Le caractère subjectif du bon sens

4Défendant la thèse de l’individualité de chaque œuvre d’art, R. Shusterman mentionne des critiques littéraires qui appartiennent à des traditions différentes. Il cite ainsi Stuart Hampshire et Margaret Macdonald, pour lesquels « chaque œuvre d’art, en tant qu’elle possède une identité unique, possède ses propres normes d’évaluation » (p. 76, c’est R. Shusterman qui résume), mais il cite également Benedetto Croce, le philosophe idéaliste italien. Or, à l’étranger — et R. Shusterman ne fait pas exception —, les spécialistes connaissent presque exclusivement la première œuvre esthétique de Croce, l’Estetica, alors que pour comprendre la complexité de sa position, il faudrait lire également, au moins, La Letteratura della Nuova Italia et Poesia. Le deuxième obstacle qui empêche un usage approprié de la tradition idéaliste qui aboutit à l’œuvre de Croce est la mauvaise compréhension du concept idéaliste de « subjectivité ». R. Shusterman écrit que, selon Croce,

5Pourtant, ce que R. Shusterman appelle « goût » acquiert dans le contexte de son discours un sens beaucoup plus faible de celui qu’il a dans le système philosophique de Croce. Ainsi, R. Shusterman ne trahit pas seulement la pensée de Croce, mais il passe surtout trop vite de la méfiance bénéfique envers des règles abstraites, envers des lois supposées universelles à partir desquelles juger des œuvres artistiques différentes (telles que les règles classiques des trois unités), à l’affirmation que le goût serait subjectif, alors que pour Croce, les individus partagent la faculté d’apprécier l’art et qu’il est possible de distinguer entre un jugement esthétique valable et une appréciation qui serait basée sur de mauvaises raisons.

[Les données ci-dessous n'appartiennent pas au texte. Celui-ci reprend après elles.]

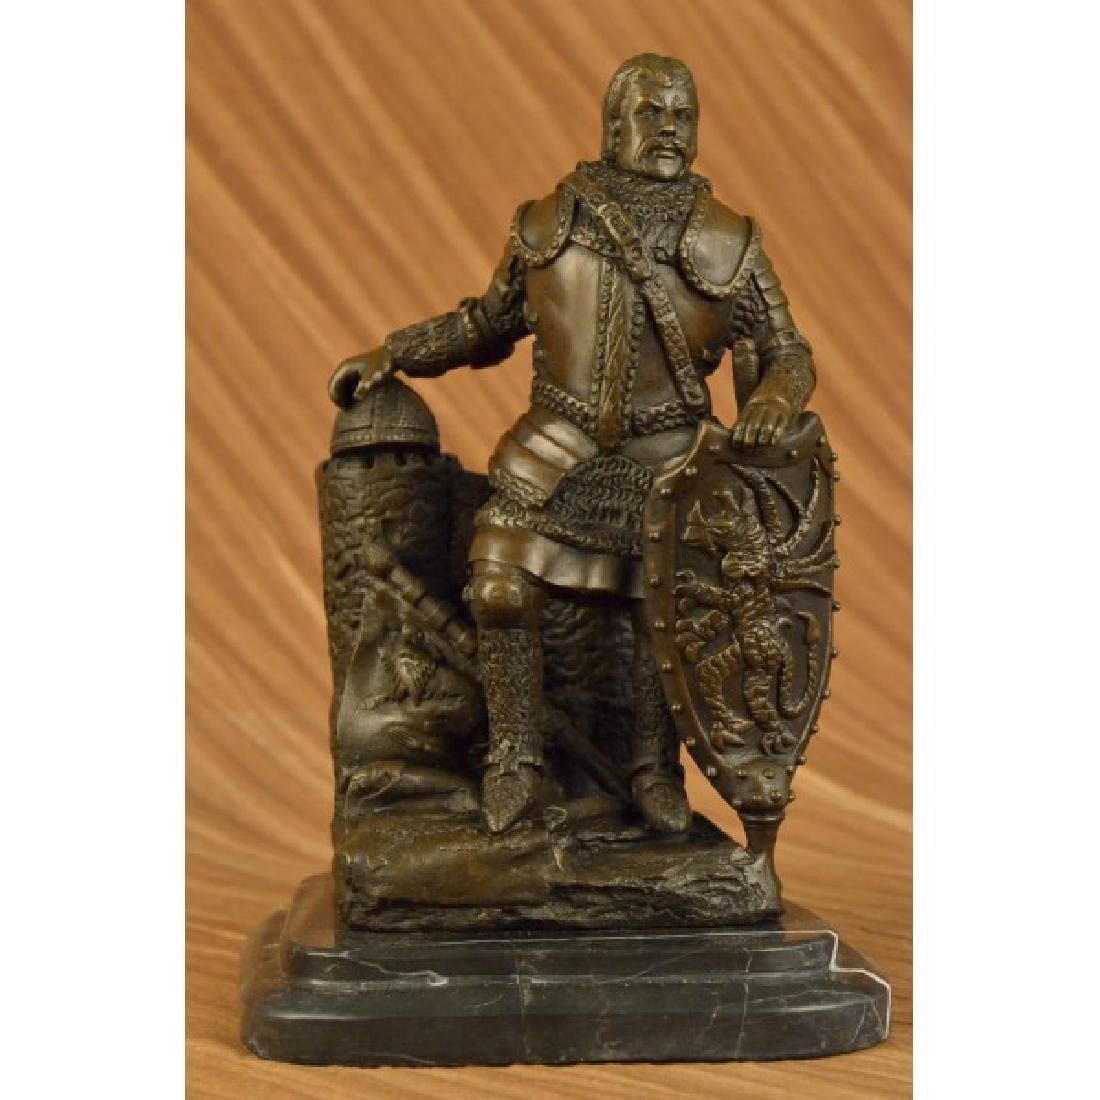 Dalov Heavy Armor Viking Warrior Bronze Sculpture

Cela est dû au fait que, dans le système philosophique de Croce, les sphères de l’activité de l’esprit humain (Esthétique, Logique, Éthique, Pratique) sont distinctes mais ne sont pas séparées, ce qui fait qu’un jugement esthétique ne peut pas enfreindre les lois universelles de la logique et qu’une position comme celle de Croce n’est pas pertinente pour défendre les thèses soutenues dans le livre de R. Shusterman.

6Renoncer à une fondation philosophique et rationnelle du jugement esthétique, considérer le goût comme détaché de toute objectivité implique, logiquement, qu’on ne pourrait pas distinguer un chef d’œuvre d’un horaire des chemins de fer. Pour remédier à cette conséquence, R. Shusterman propose de procéder par degrés, de situer les œuvres écrites sur un axe sur lequel la relation des œuvres à l’art devient progressivement plus stricte. Il soutient par exemple que les essais, les biographies, les lettres, les œuvres historiques font partie du domaine de l’art, mais y occupent une position plus périphérique que les récits ou les poésies. Par contre, il exclut, entre autres, les romans pornographiques. Pour justifier à partir d’une perspective pragmatiste cette exclusion et, en général, pour expliquer une position plus centrale ou plus périphérique d’un genre à l’intérieur du champ de l’art littéraire, R. Shusterman est contraint de recourir à des motivations vagues qui seraient, au fond, celles de l’habitude et celles de l’intuition. Il écrit, pour reprendre le même exemple, qu’un roman pornographique « superficiel » « relève clairement de la littérature en un sens, mais clairement pas dans l’autre, sans que cela entraîne la moindre confusion » (p. 42) : une affirmation trop catégorique, puisqu’elle élude les aspects principaux de la question en n’expliquant pas ce qui manque à un roman de ce type pour faire partie de la littérature et en renvoyant entièrement à une intuition individuelle ou historiquement déterminée. Or, ces affirmations catégoriques qui se fondent sur l’intuition ou sur une détermination historique pourraient être contredites avec le même ton catégorique (puisque des explications logiques ne sont pas exigées) par un autre individu qui considérerait différemment la question ou qui appartiendrait à une autre tradition culturelle. Il s’agit de fondements trop fragiles pour construire une esthétique.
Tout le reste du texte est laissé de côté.